E. Kayu Sungkai Peronema canescens Jack

Sungkai atau jati sabrang termasuk suku Verbenaceae. Pohonnya mencapai tinggi sampai 25 m, dengan diameter batang di dekat pangkalnya sampai 60 cm. Batangnya lurus sedikit berlekuk dangkal, dengan kulitnya yang mengelupas kecil-kecil tipis. Tumbuhan ini tersebar secara alami di kawasan Semenanjung Malaysia, Sumatera, Kalimantan, dan Jawa. Diduga tanaman ini diperkenalkan ke daerah Banten dari Sumatera oleh Junghuhn pada tahun 1846. Sungkai tumbuh di hutan primer, di tepi sungai, yang secara bermusim tergenang air tawar, dan juga di hutan sekunder campuran di darat, pada tanah liat atau berpasir. Jenis ini tumbuh sampai ketinggian 900 m dpl, dan di Jawa dijumpai pada ketinggian 200 – 300 m dpl Sastrapradja dan Kartawinata, 1980. Ciri umum kayu sungkai yaitu berwarna krem kuning kecoklatan atau coklat muda sampai kemerahan, teras sukar dibedakan dari gubal.

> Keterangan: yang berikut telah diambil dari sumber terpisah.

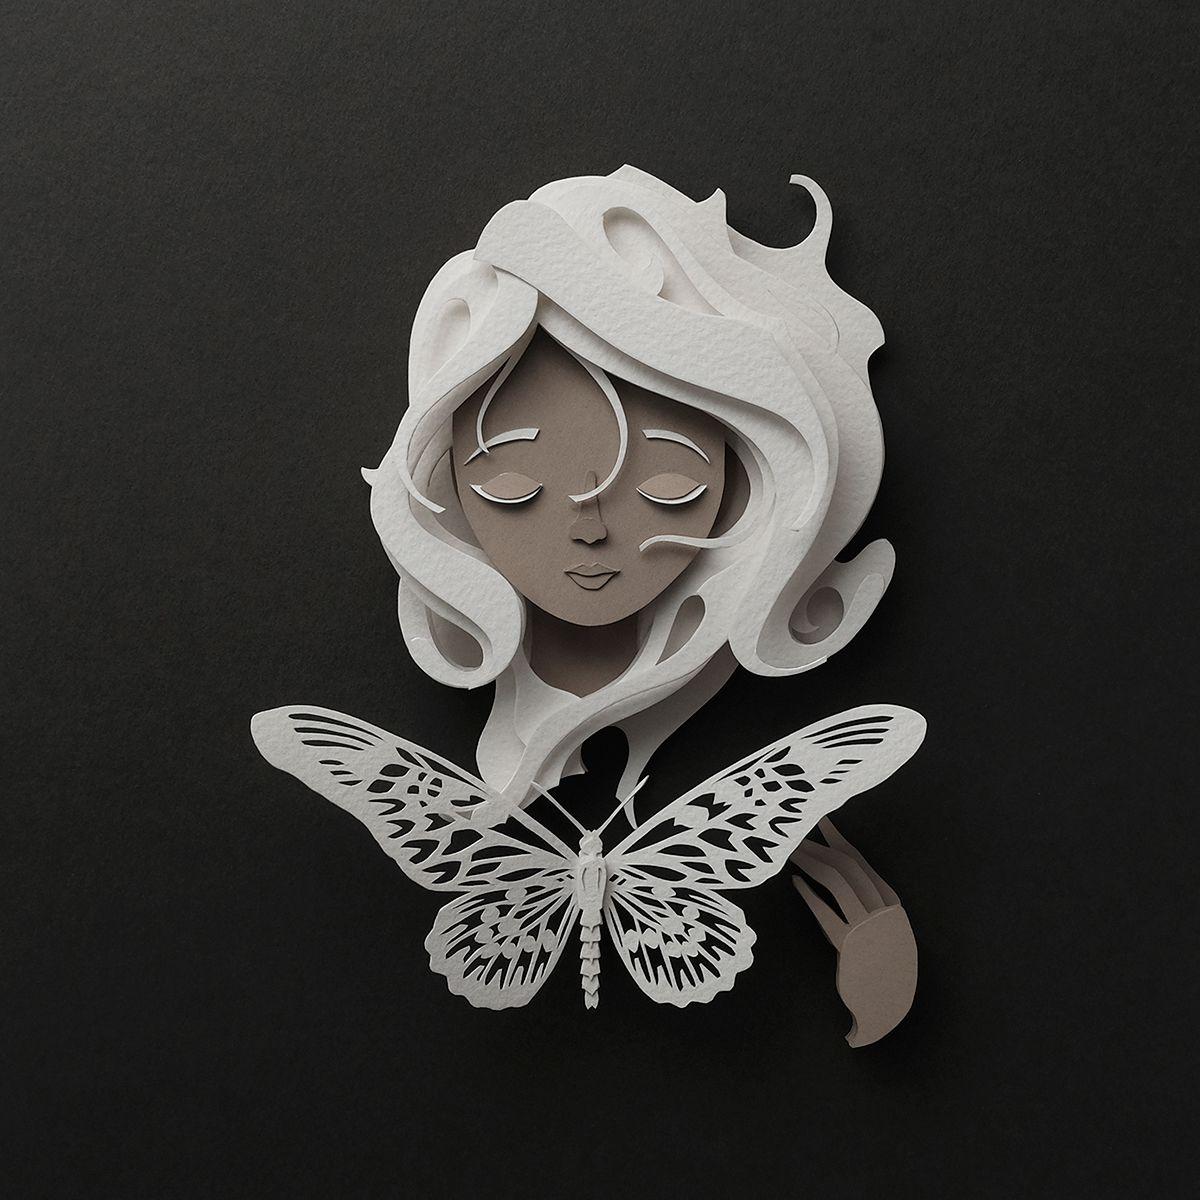 Frau mit weißen Haaren und ein Schmetterling

Riap tumbuh jelas pada bidang melintang mebentuk lingkaran yang memusat, pada bidang radial berupa garis-garis sejajar, dan pada bidang tangensial tampak seperti parabola Mandang dan Pandit, 1997. Masih menurut Mandang dan Pandit 1997, kayu sungkai termasuk ke dalam kelas awet III, kelas kekuatan II – III dengan BJ kayu agak berat, 0.63 0.52-0.73. Kualitas kayu hampir sebaik jati hanya saja sungkai lebih ringan.

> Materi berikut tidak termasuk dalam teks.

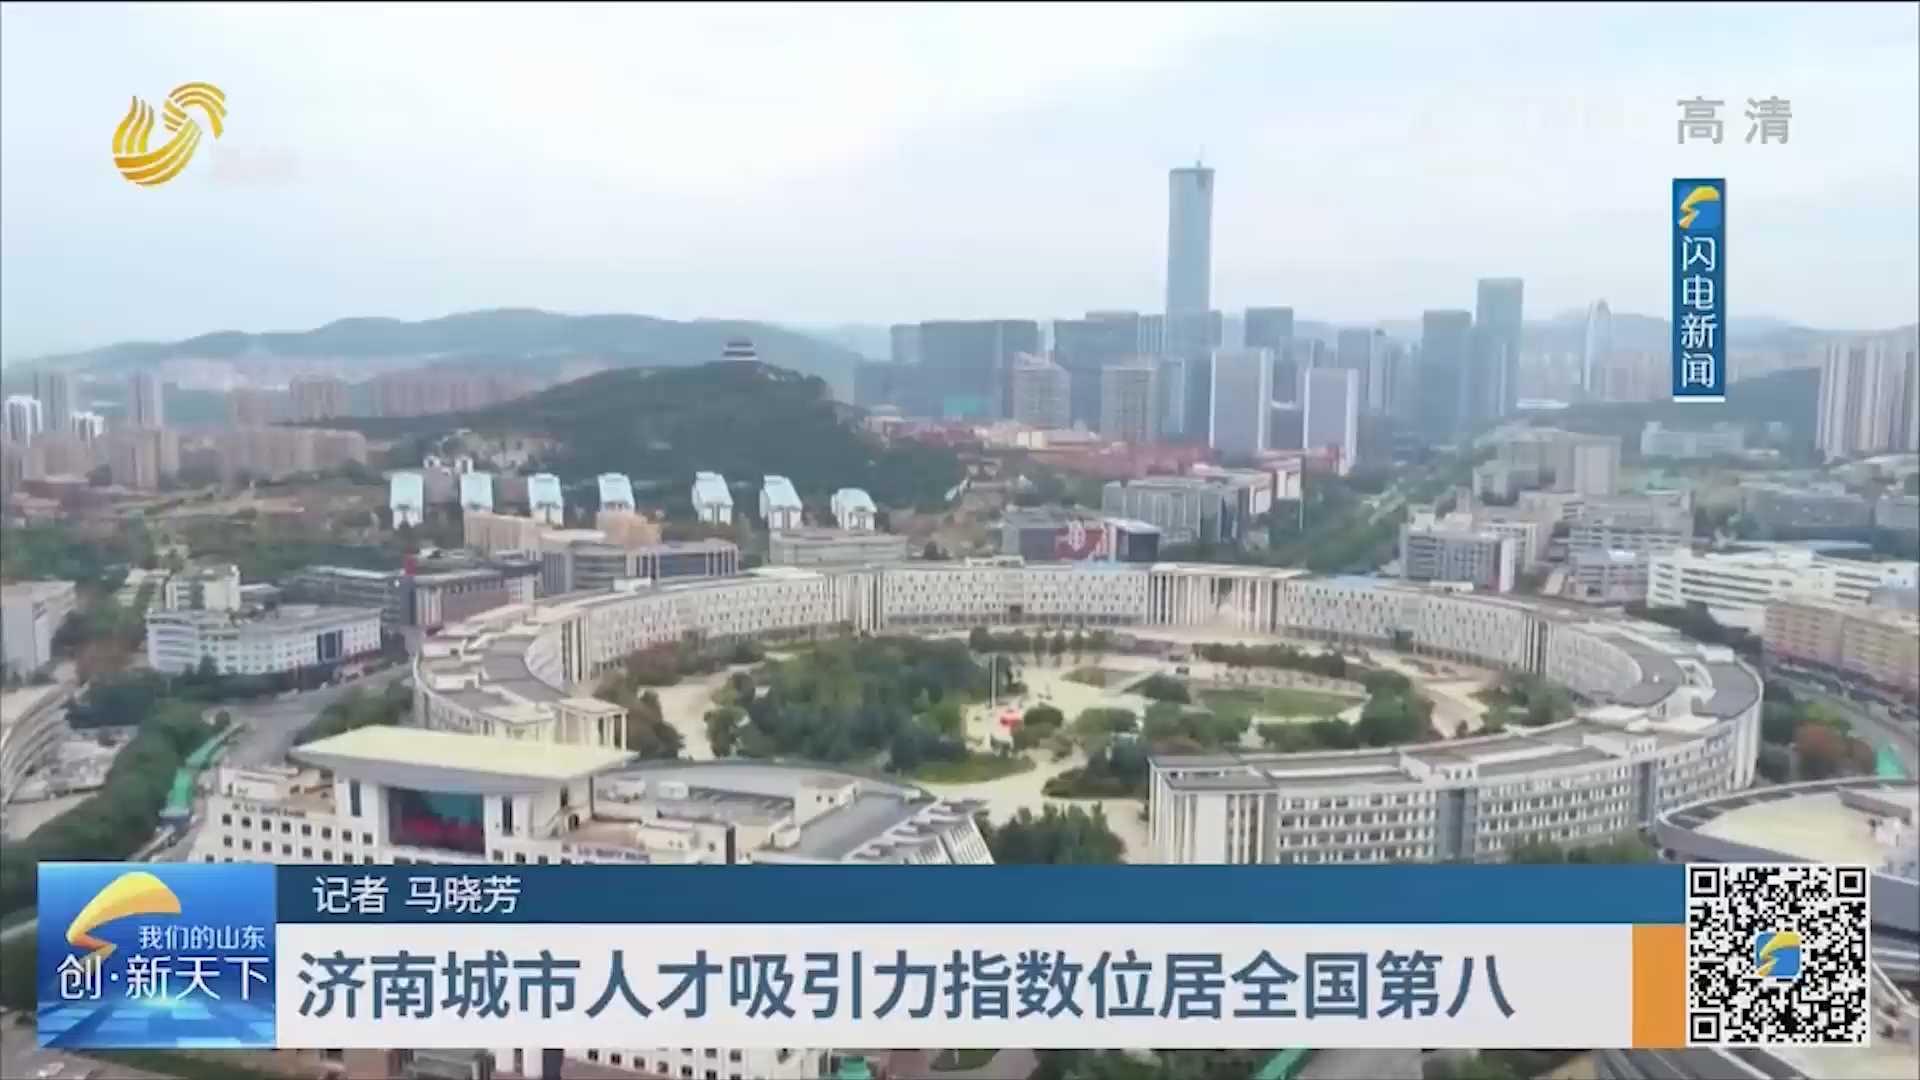 济南城市人才吸引力指数位居全国第八

F. Kayu Jati Tectona grandis L. f.

Jati termasuk ke dalam suku Verbenaceae dengan nama daerah deleg, dodolan, jate, jati, jatos, kulidawa, kiati. Daerah penyebaran jati di Indonesia meliputi seluruh Jawa, Sulawesi Selatan, Sulawesi Tenggara, Nusa Tenggara Barat, Maluku, dan Lampung. Diyakini tanaman jati di Indonesia berasal dari negara India Martawijaya dan Kartasujana, 1977. Menurut Mandang dan Pandit 1997, kayu jati dicirikan oleh teras yang berwarna kuning emas kecoklatan sampai coklat kemerahan, mudah dibedakan dari gubal yang berwarna putih agak keabu-abuan. Kayu jati memiliki corak dekoratif yang indah berkat jelasnya lingkaran tumbuh, sedikit buram dan berminyak. Kayu bertekstur agak kasar sampai kasar dan tidak rata dengan arah serat lurus bergelombang sampai agak berpadu. Lingkaran tumbuh tampak sangat jelas pada semua bidang observasi. Lebih lanjut, Martawijaya dan Kartasujana 1977 menyatakan kayu jati termasuk ke dalam kelas awet I-II dan kelas kuat II dengan berat jenis 0.67 0.62-0.75. Kekerasannya sedang dan mempunyai nilai penyusutan dalam arah radial dan tangensial berturut-turut 2.8 persen dan 5.2 persen basah sampai kering tanur.